■ **Task statement**: Leave every picture out, then reproduce the rest of the listing exactly.

■ **Information supplied**:
►

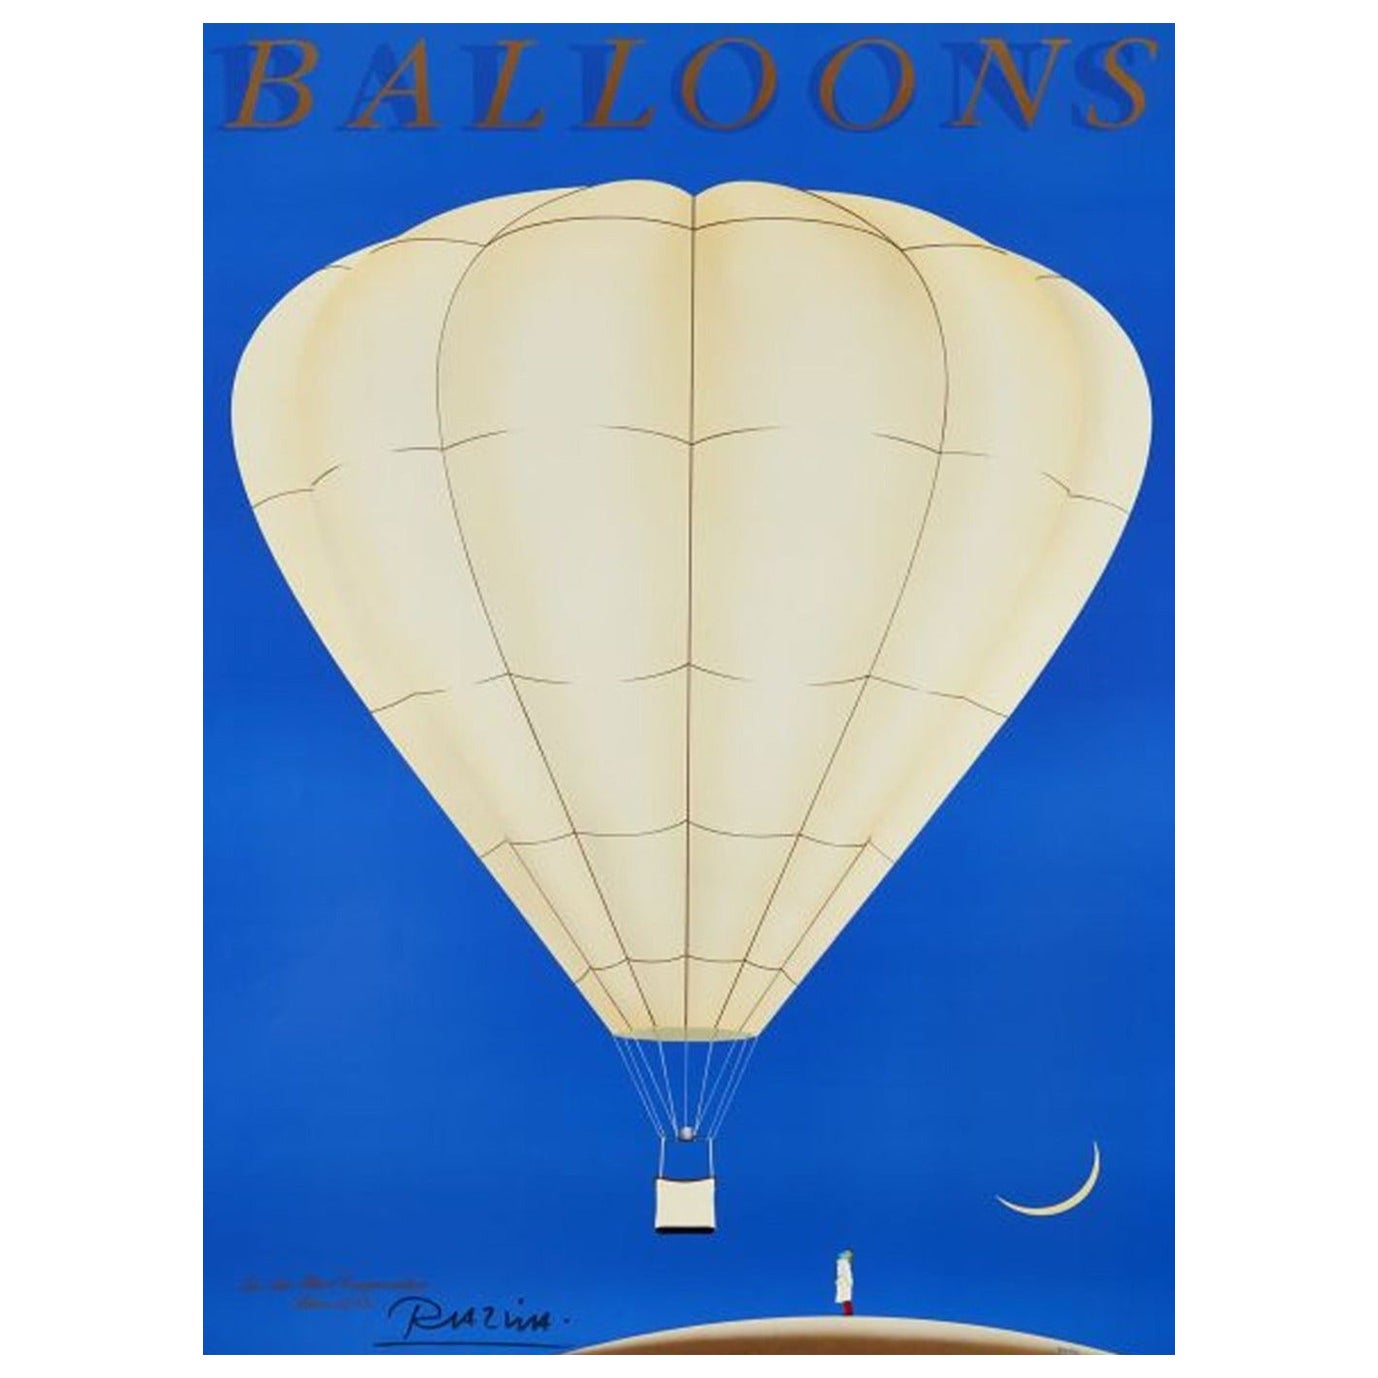 1985 Balloons - Razzia Original Vintage Poster For Sale
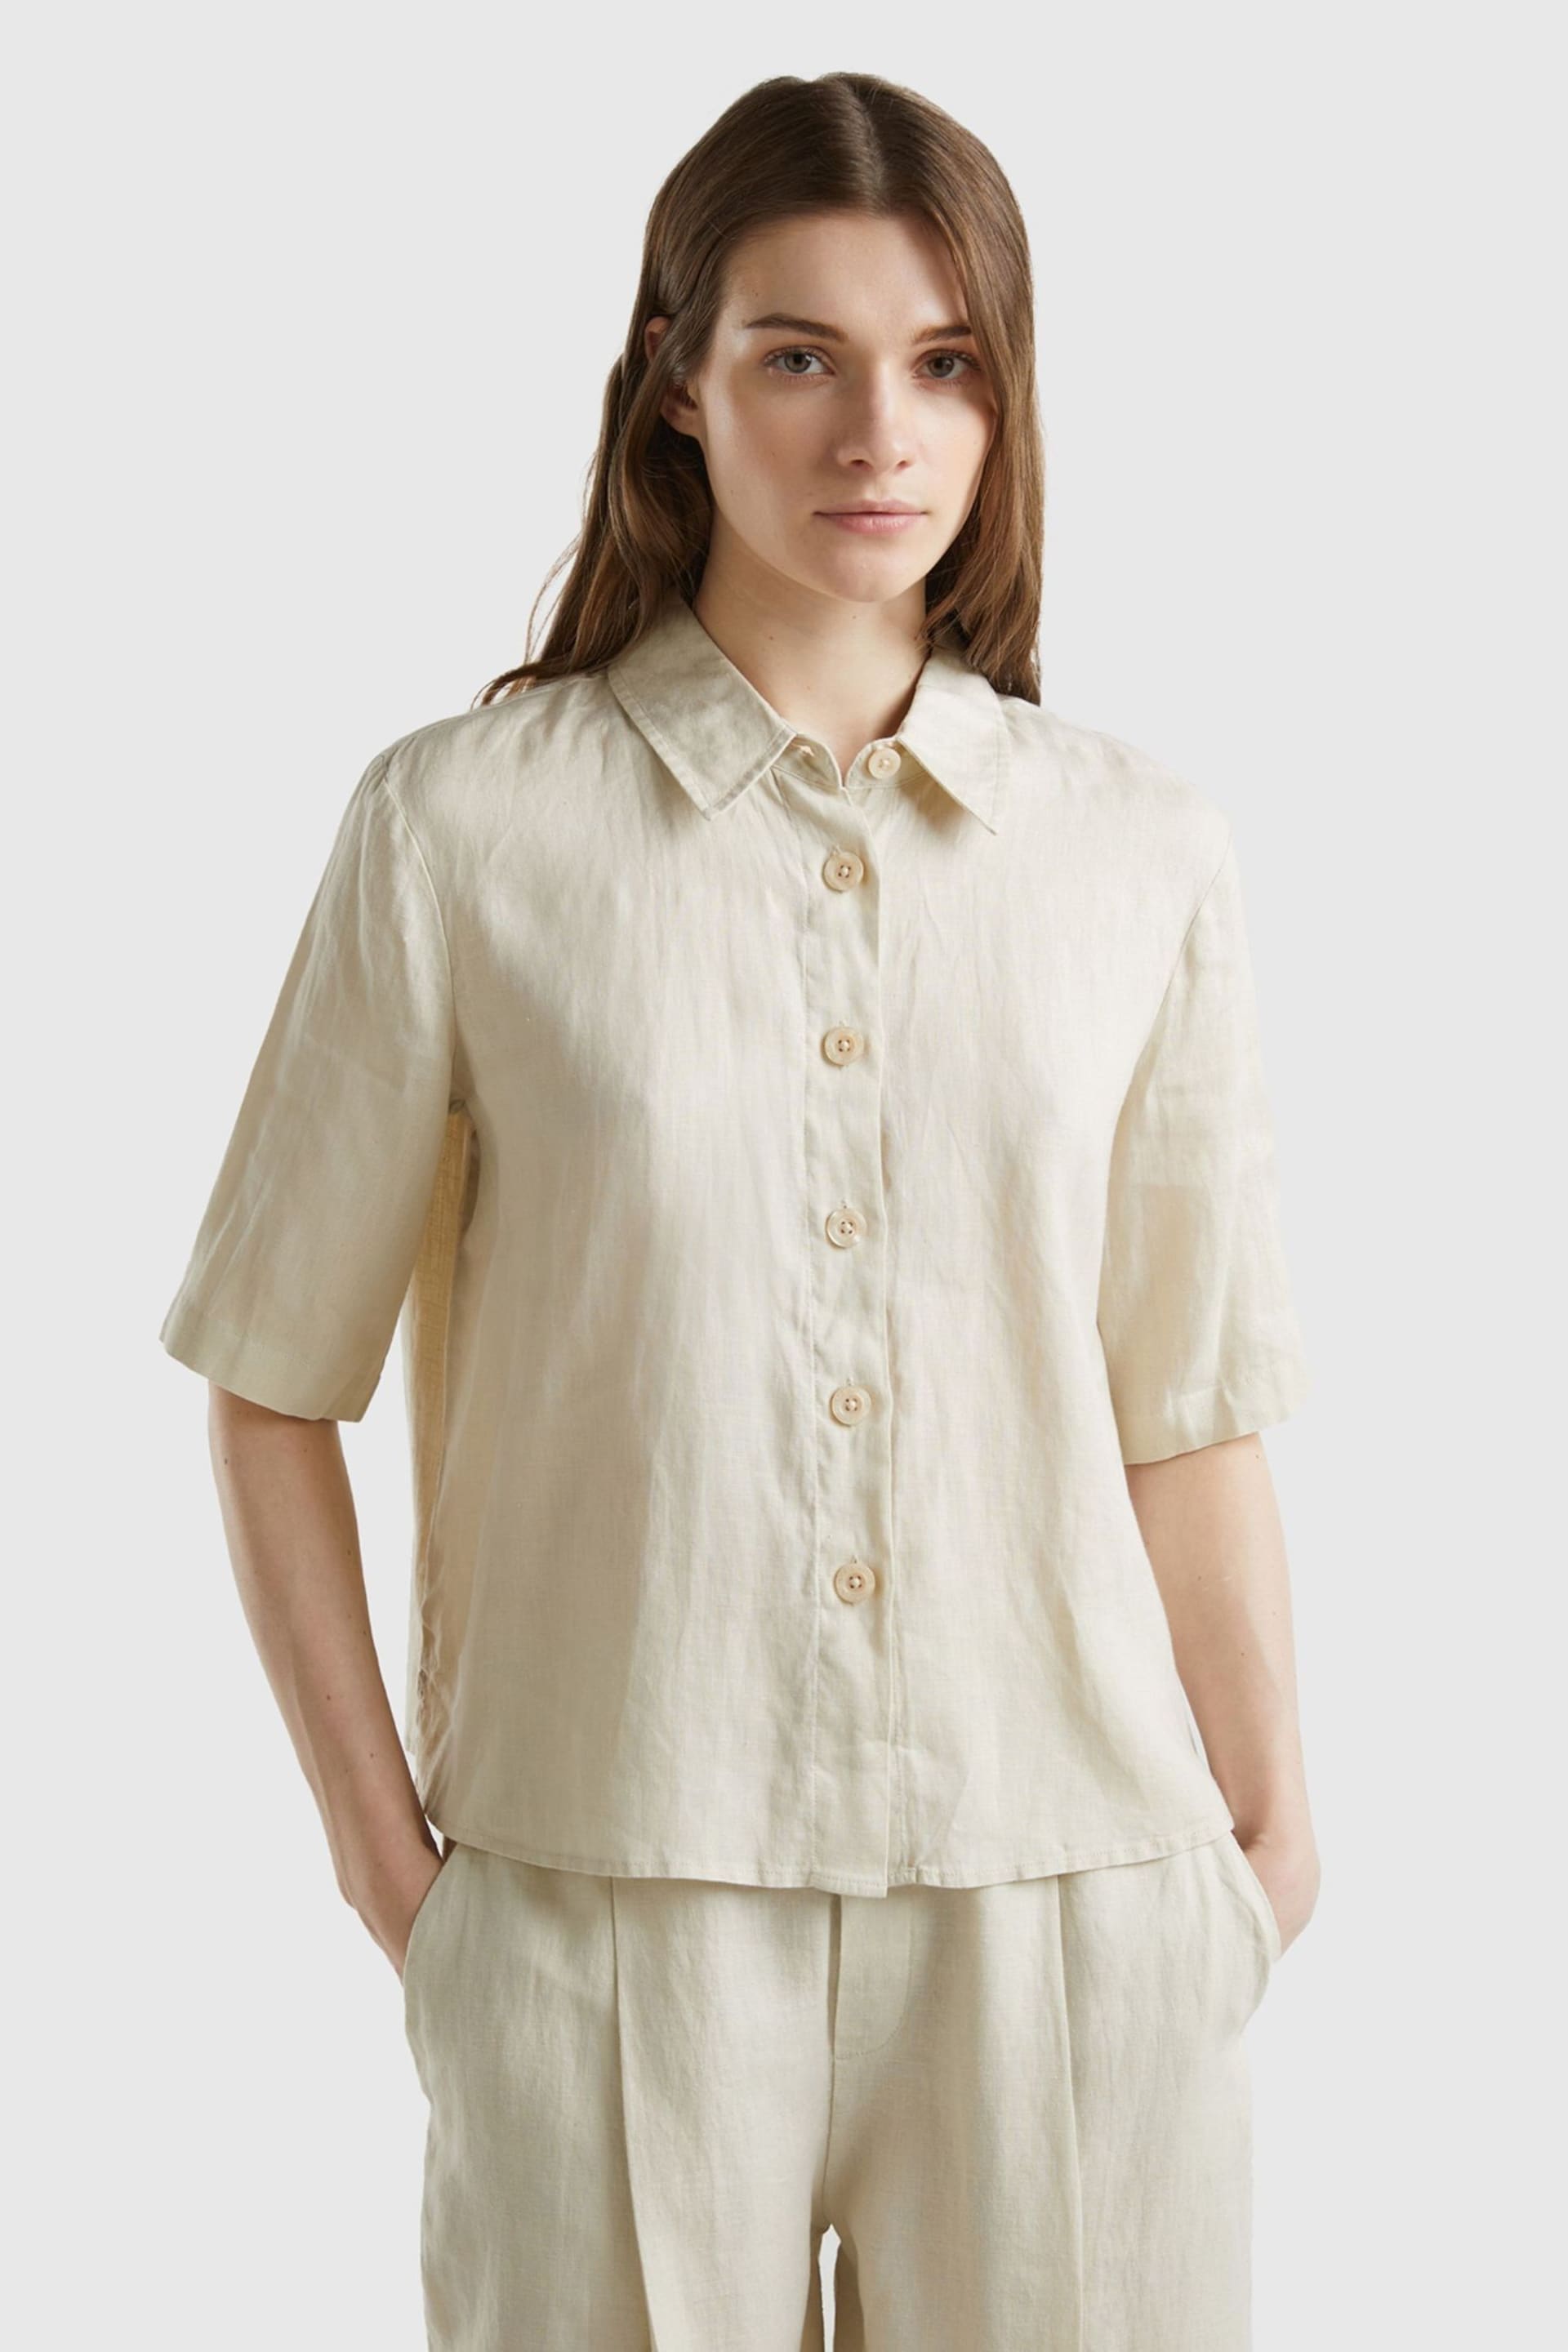 Benetton Linen Shirt - Image 1 of 3
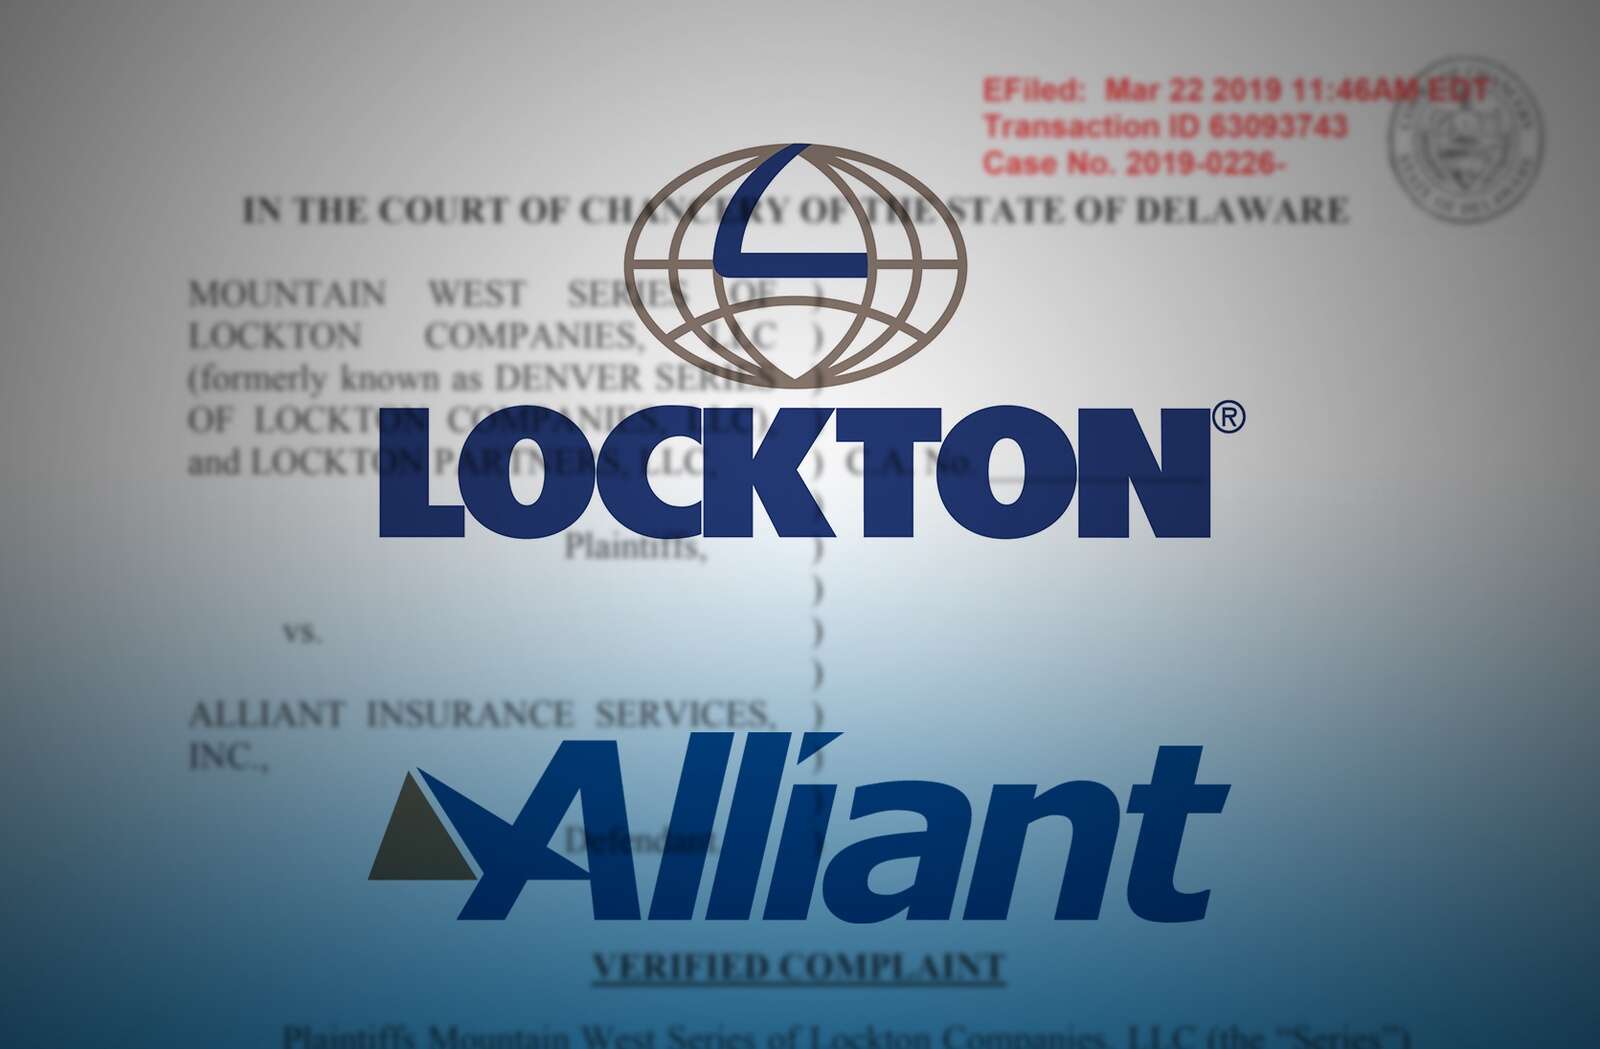 Lockton wins TRO against Alliant in Delaware court
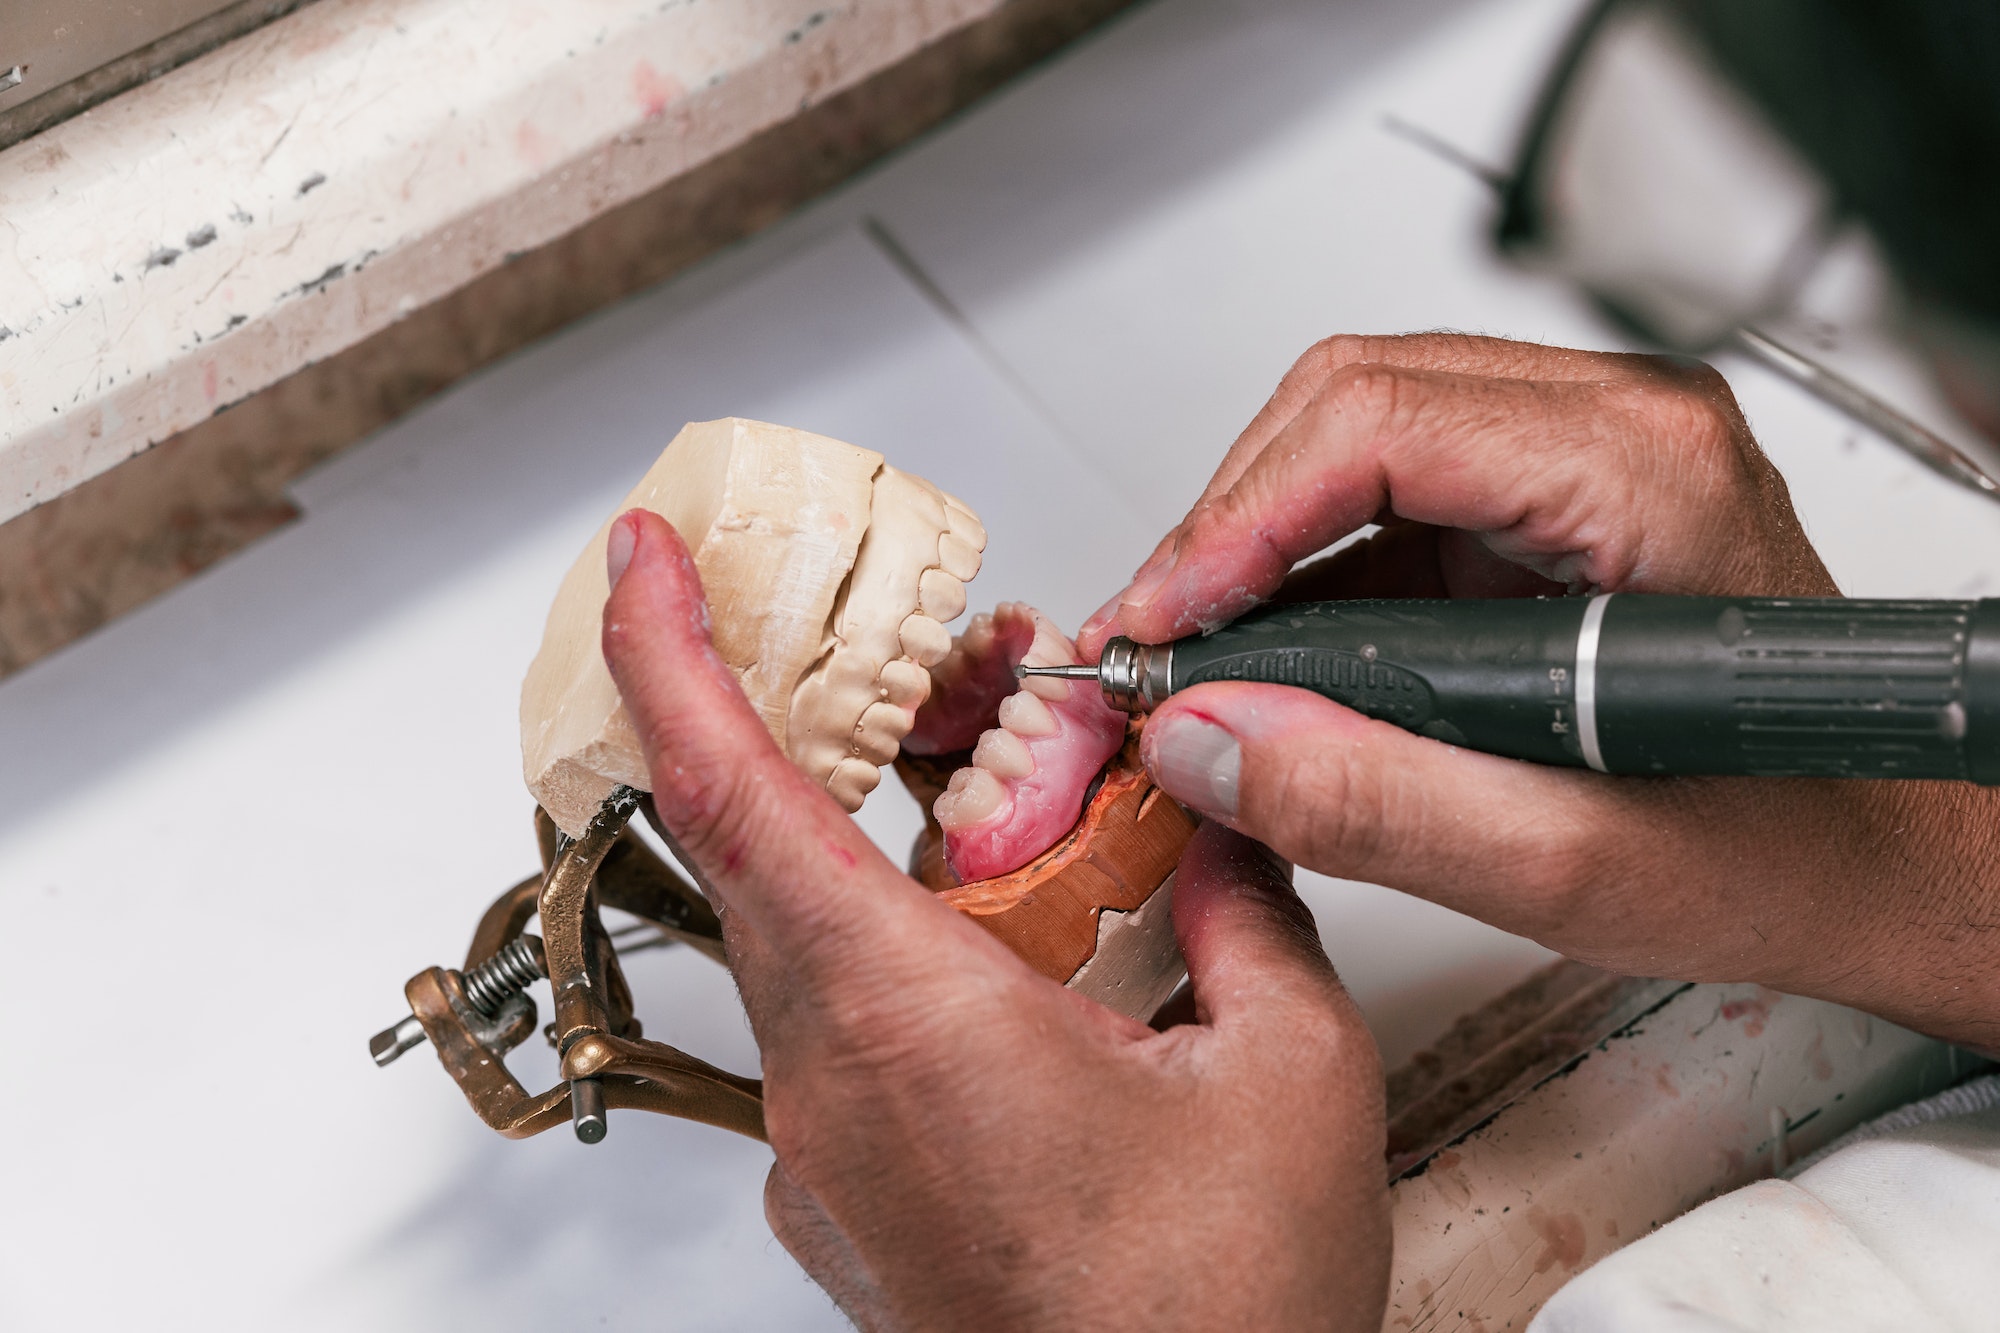 Hands of a dental technician filing a dental implant

◄

■ **Answer space**:
 1985 Balloons - Razzia Original Vintage Poster For Sale
 Benetton Linen Shirt - Image 1 of 3
 Lockton wins TRO against Alliant in Delaware court
 Hands of a dental technician filing a dental implant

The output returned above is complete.